I wholeheartedly recommend ACCEPTing LEAF as a Boost library

I base my recommendation on both the qualities of the library itself
and the responsiveness and openness for feedback of its author.

As a background, more than year ago, I evaluated error handling using
LEAF in the context of an in-house support library for implementing
C++ RESTful services.

I consider the error handling for microservices based architectures
very important because it needs to cover two, sometimes competing,
requirements:
- as debug logs are less than ideal in distributed systems, an error
condition should capture and carry with it as much context and debug
information as possible as it propagates back across the stack (both
in-process and across different processes/services);
- the end-user of the system should not just get a dump of meaningless
debug information when an error condition occurred (but neither just a
generic "internal error occurred" one).

And, coming from the experience of using Boost.Exception for an
earlier version of such a utility library, LEAF seemed a very good
candidate.

So, as part of this evaluation, I tried to see how it would fit
alongside Boost.Asio and Boost.Beast in building this REST oriented
scaffolding. Through the course of this experimentation, LEAF improved
its support for being used with Asio style asynchronous operations and
multi-threading. It also includes now an example built at that time
that showcases a possible way for how this integration can be be
achieved.


>   - What is your evaluation of the design?

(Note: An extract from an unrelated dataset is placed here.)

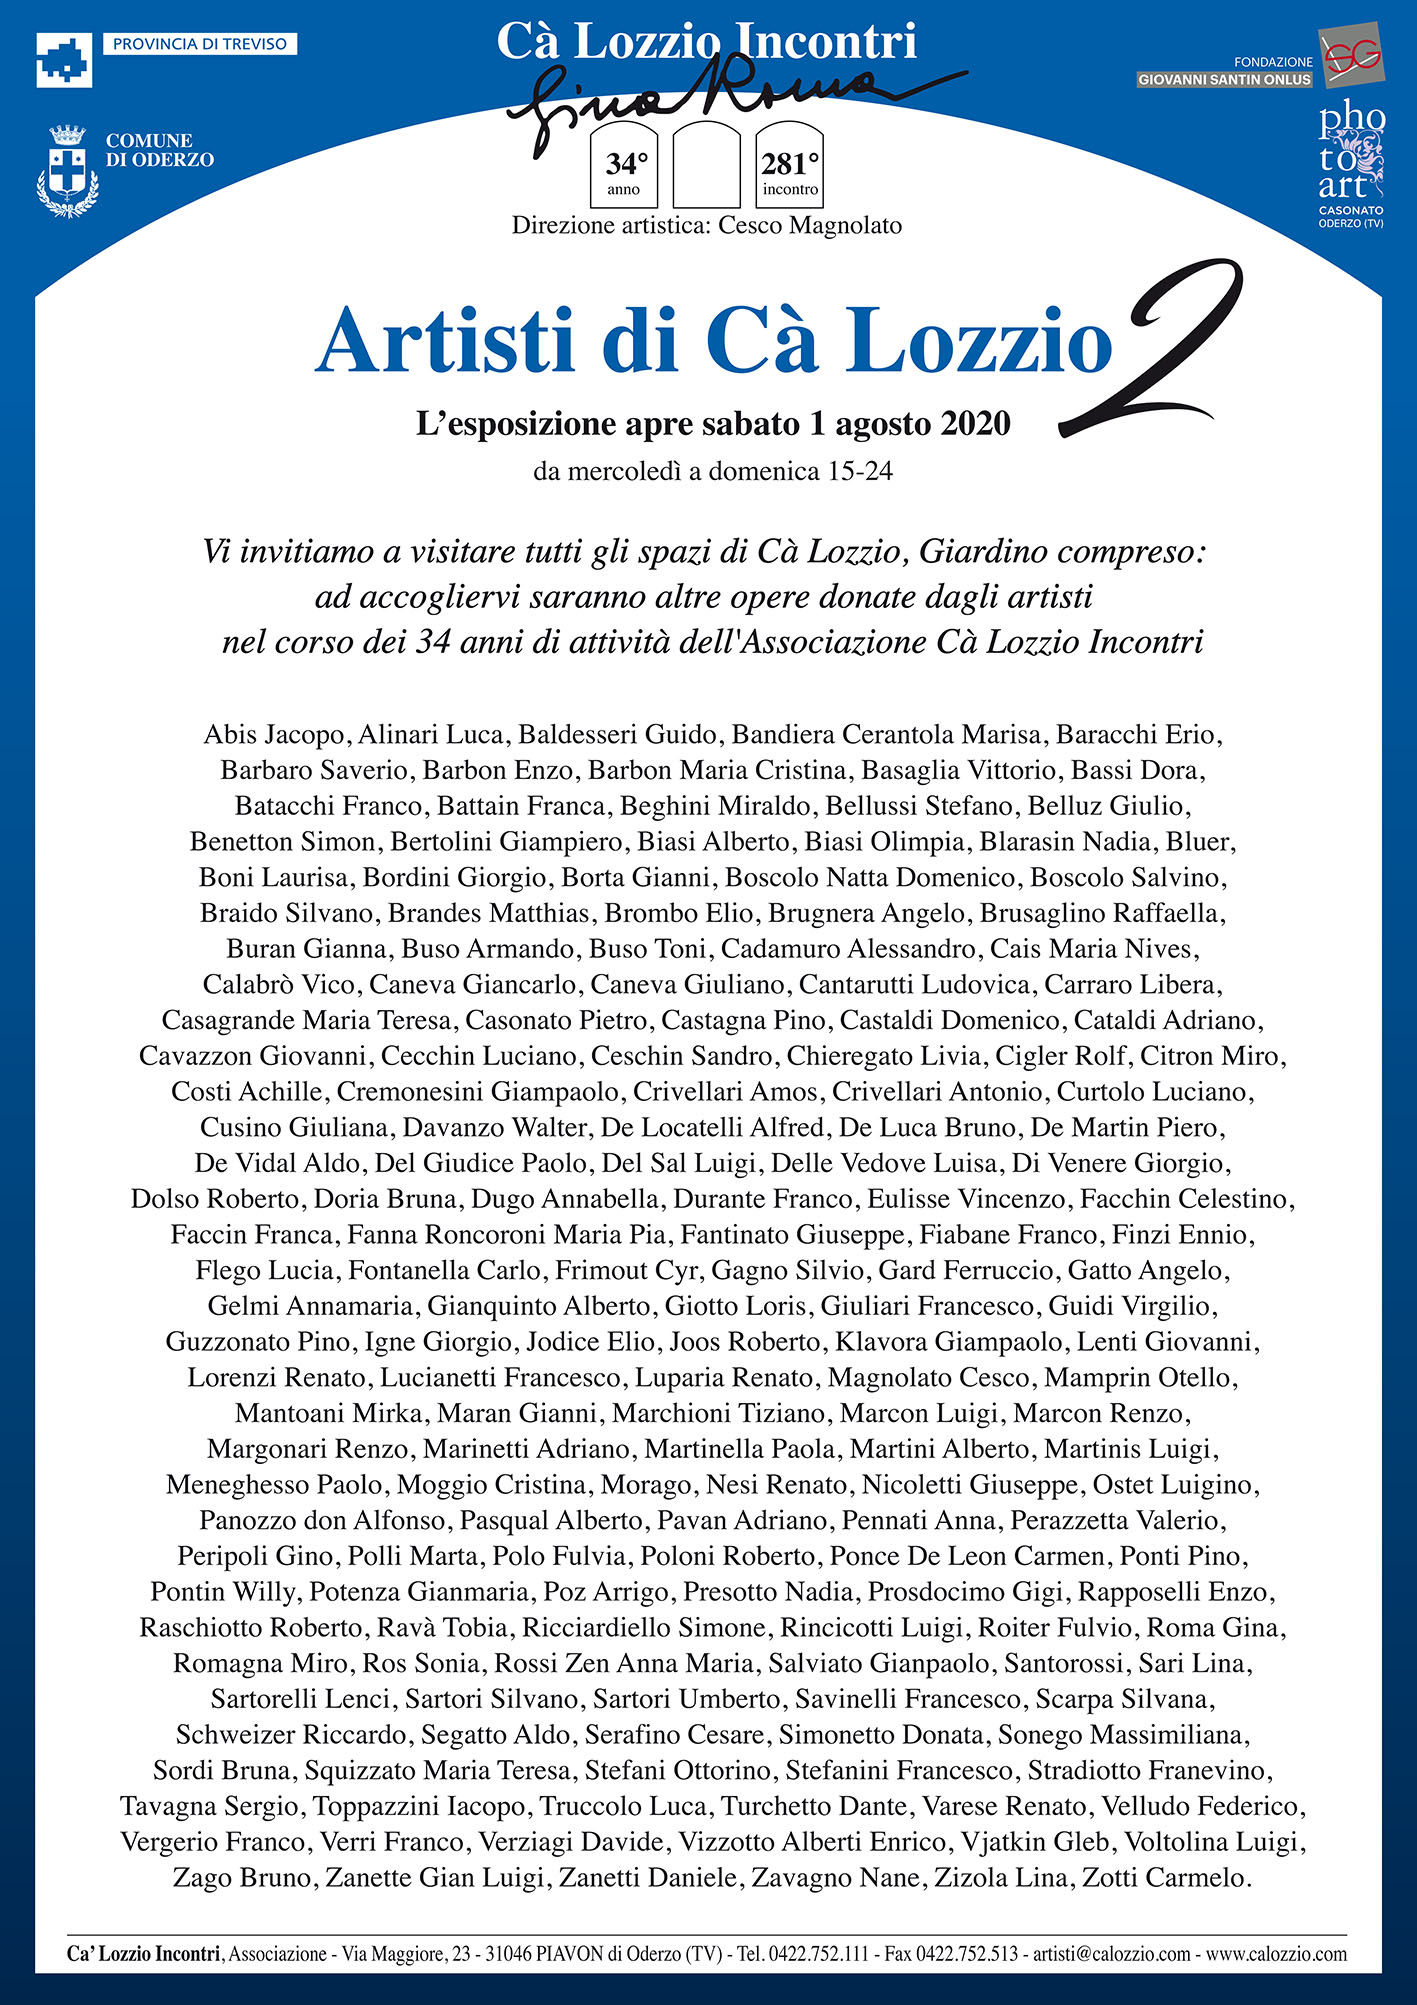 Artisti di Ca' Lozzio 2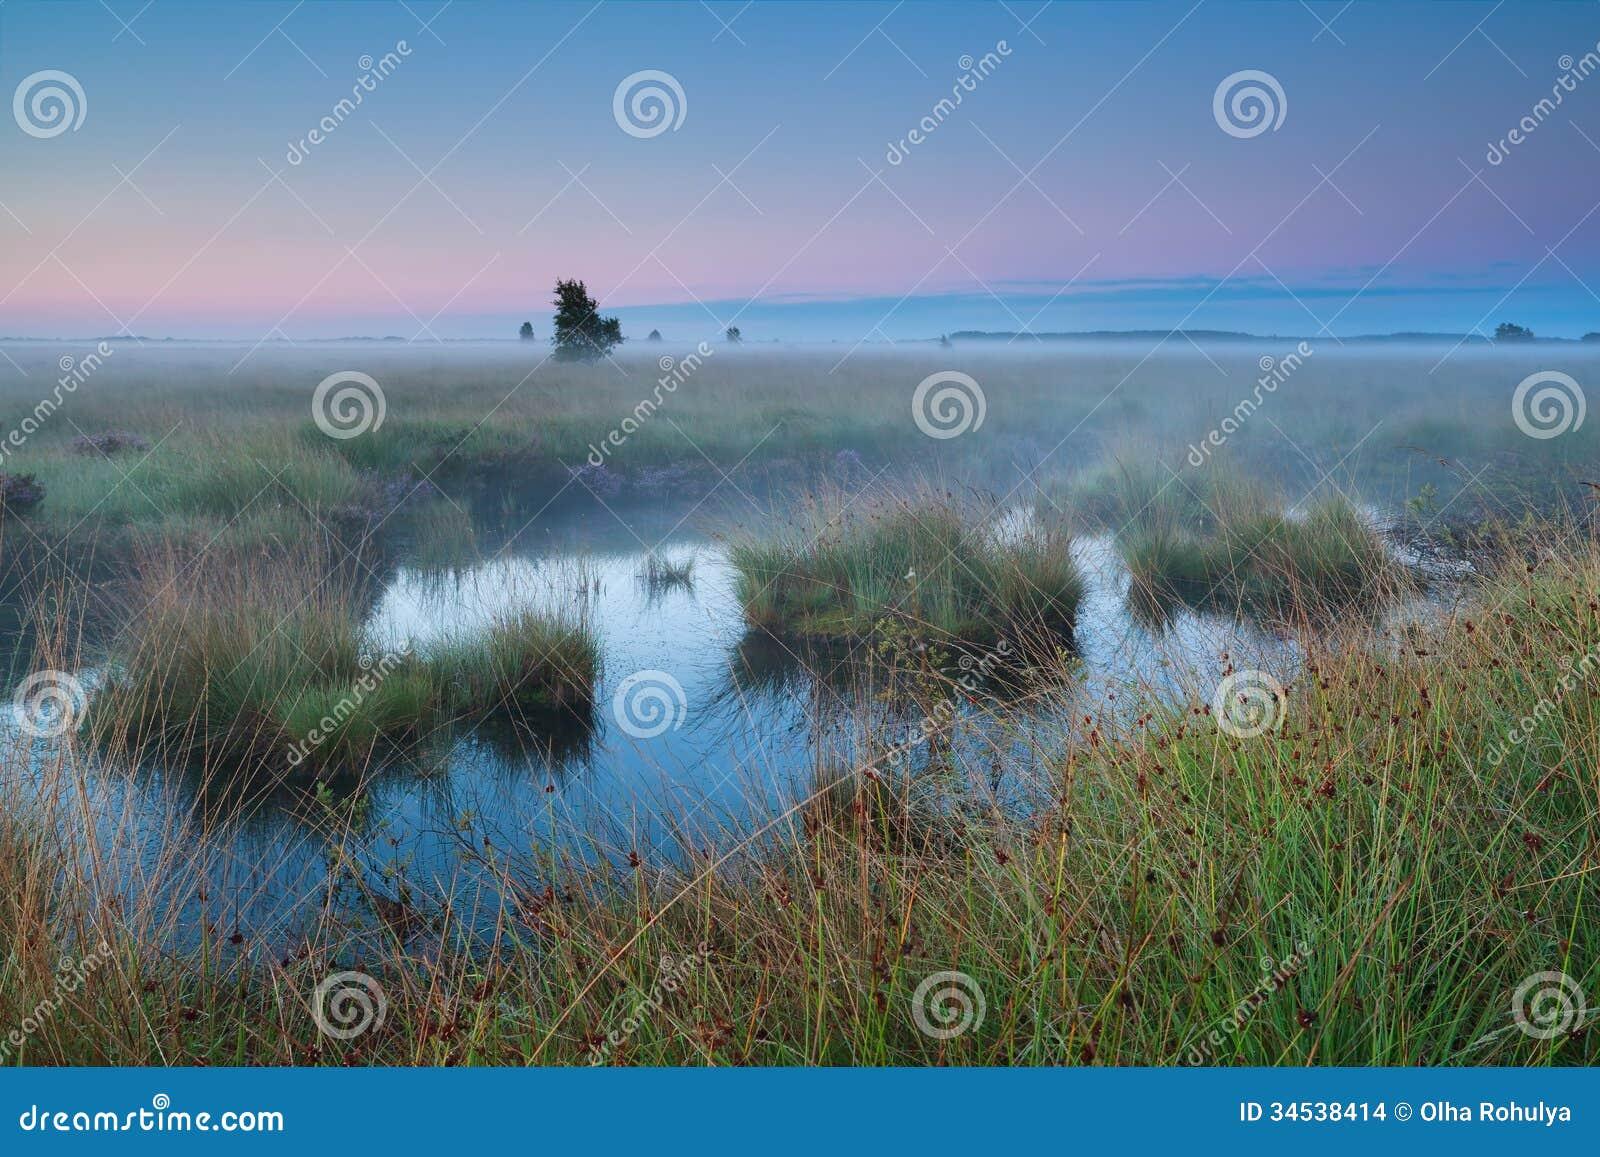 Bog during summer sunrise

Excellent as it allows bridging multiple error handling strategies and
usage patterns in an efficient way. I view it as a clear successor to
Boost.Exception and has very good interoperability with Boost.Outcome.

>   - What is your evaluation of the implementation?

I have not studied it in depth but from what I can tell, as a user of
the library, it is very solid.


>   - What is your evaluation of the documentation?

Excellent!

>   - What is your evaluation of the potential usefulness of the library?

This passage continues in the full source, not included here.